--- START ---

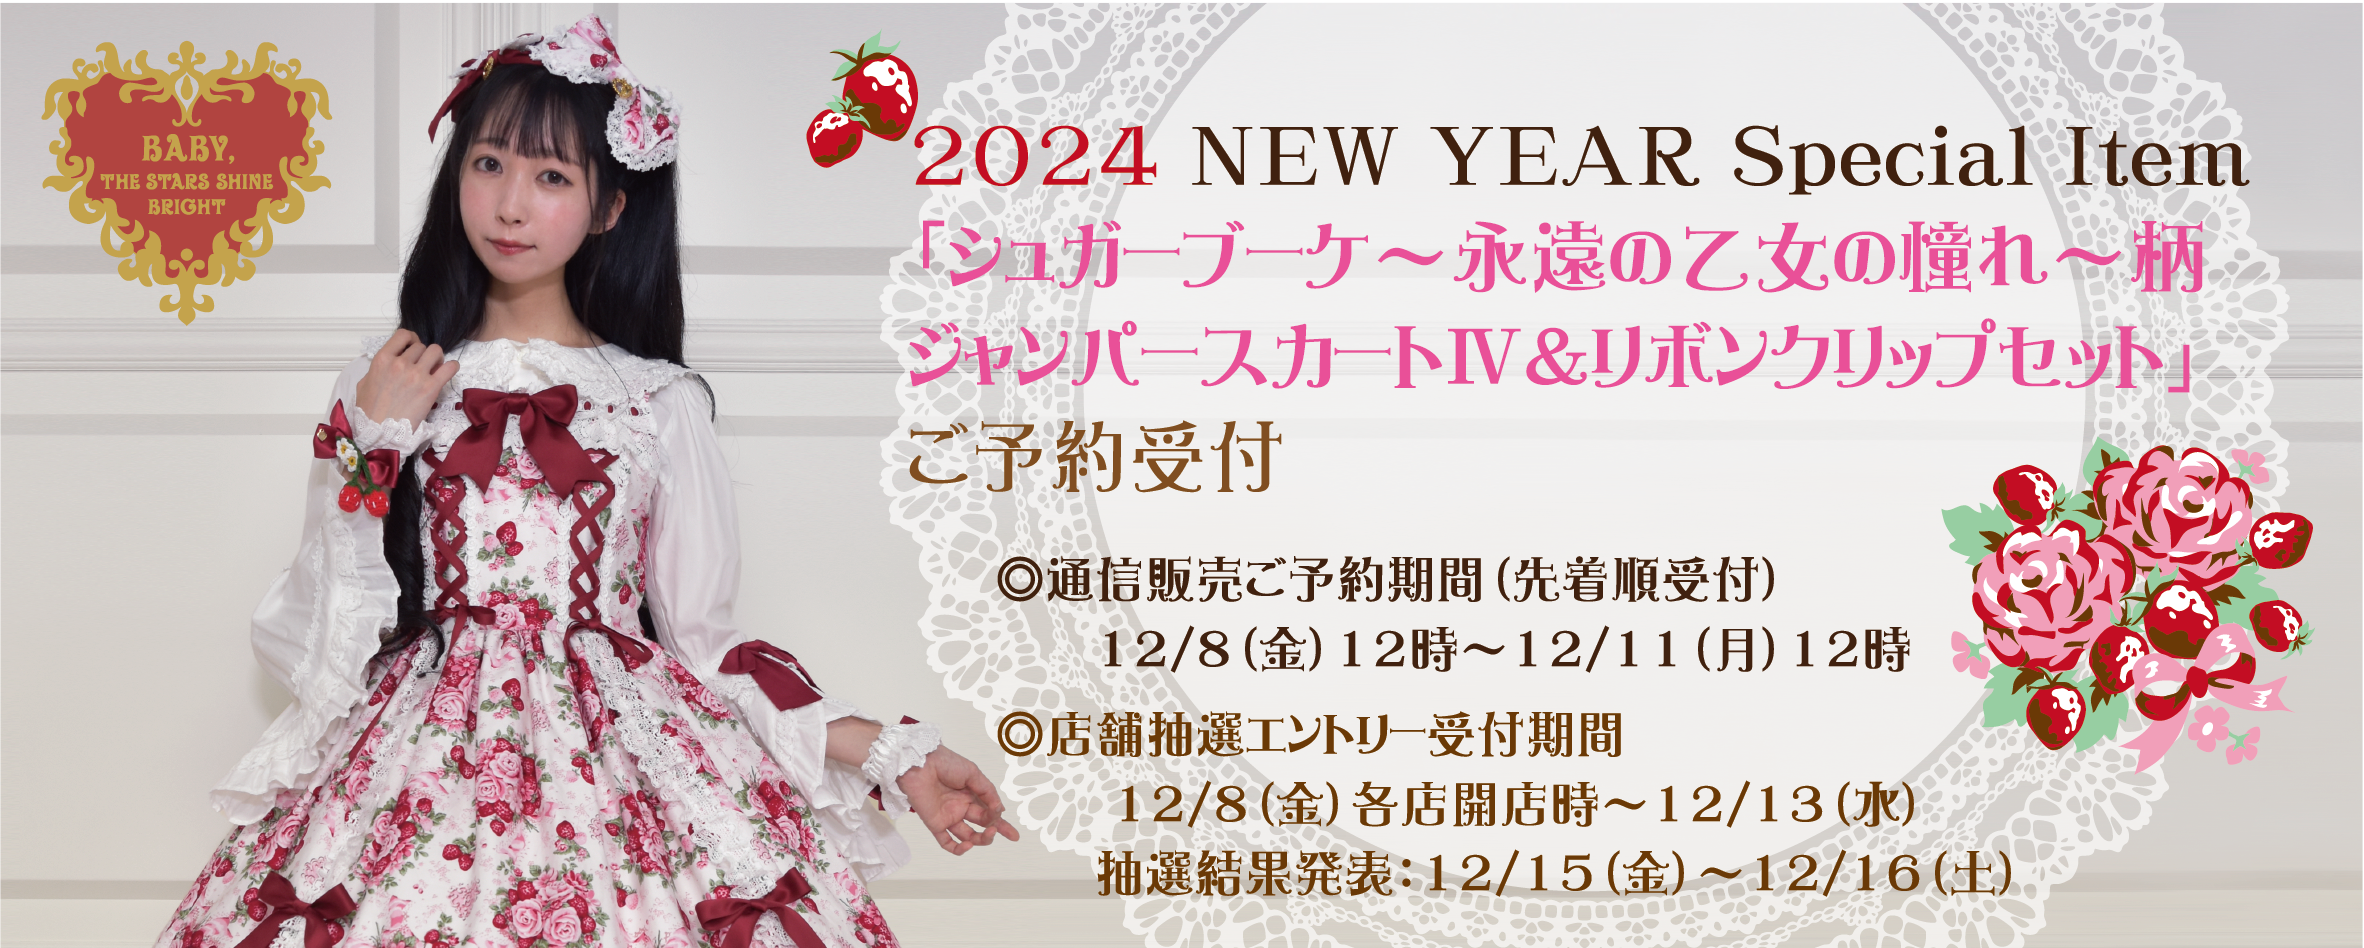 2024NEW YEAR Special Item「シュガーブーケ～永遠の乙女の憧れ～柄 
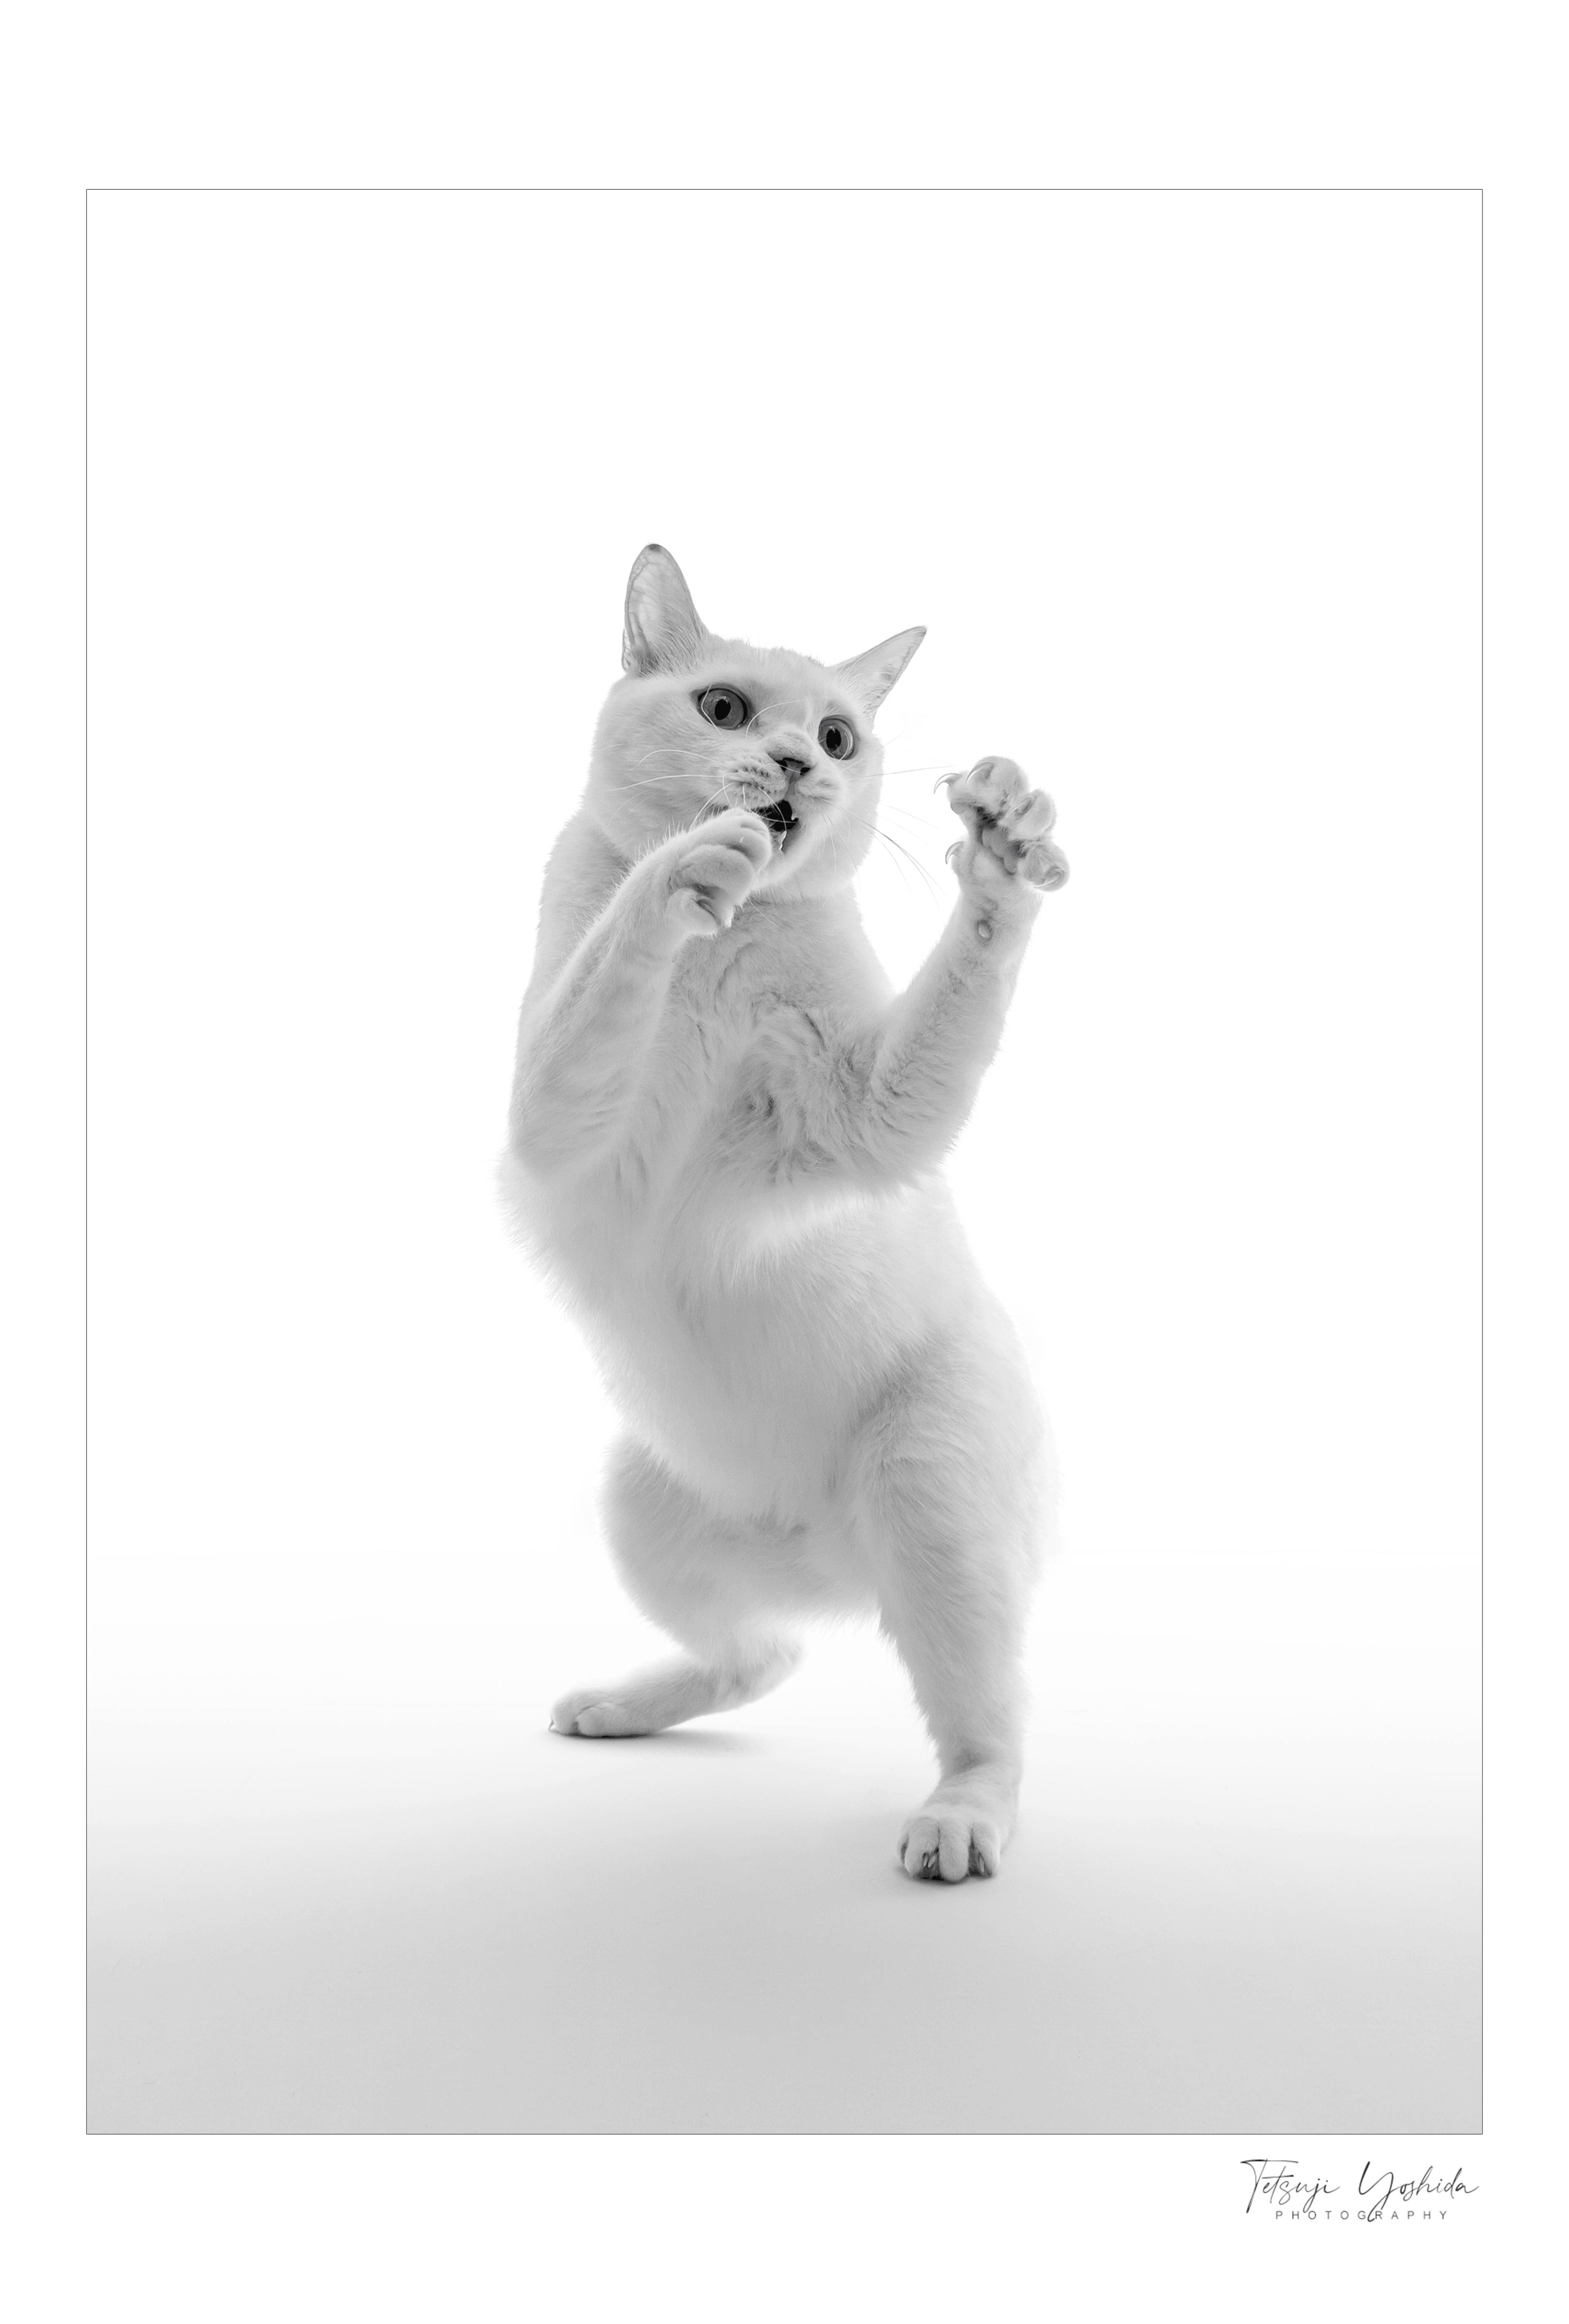 Teto the white cat  "Fighting Pose"
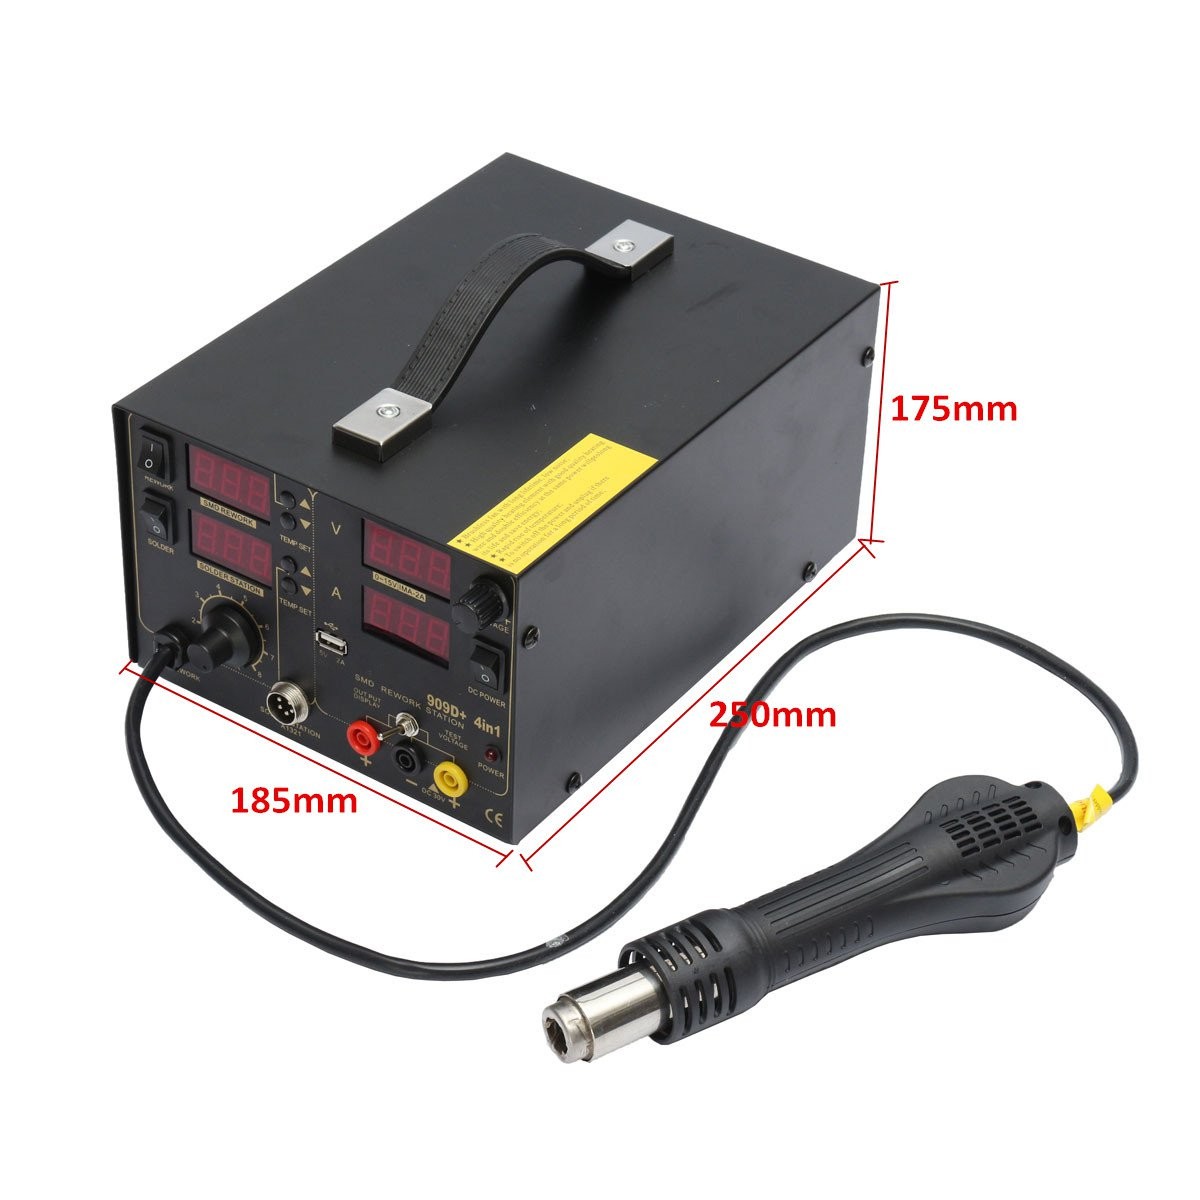 Saike-110V-AC-909D-Rework-Soldering-Station-Hot-Heat-Air-Nozzle-DC-USB-Power-Supply-US-Plug-1090753-4

--- END ---

Every line above should be repeated exactly; pictures stay out of the copy.

 2024NEW YEAR Special Item「シュガーブーケ～永遠の乙女の憧れ～柄 
 Teto the white cat  "Fighting Pose"
 Saike-110V-AC-909D-Rework-Soldering-Station-Hot-Heat-Air-Nozzle-DC-USB-Power-Supply-US-Plug-1090753-4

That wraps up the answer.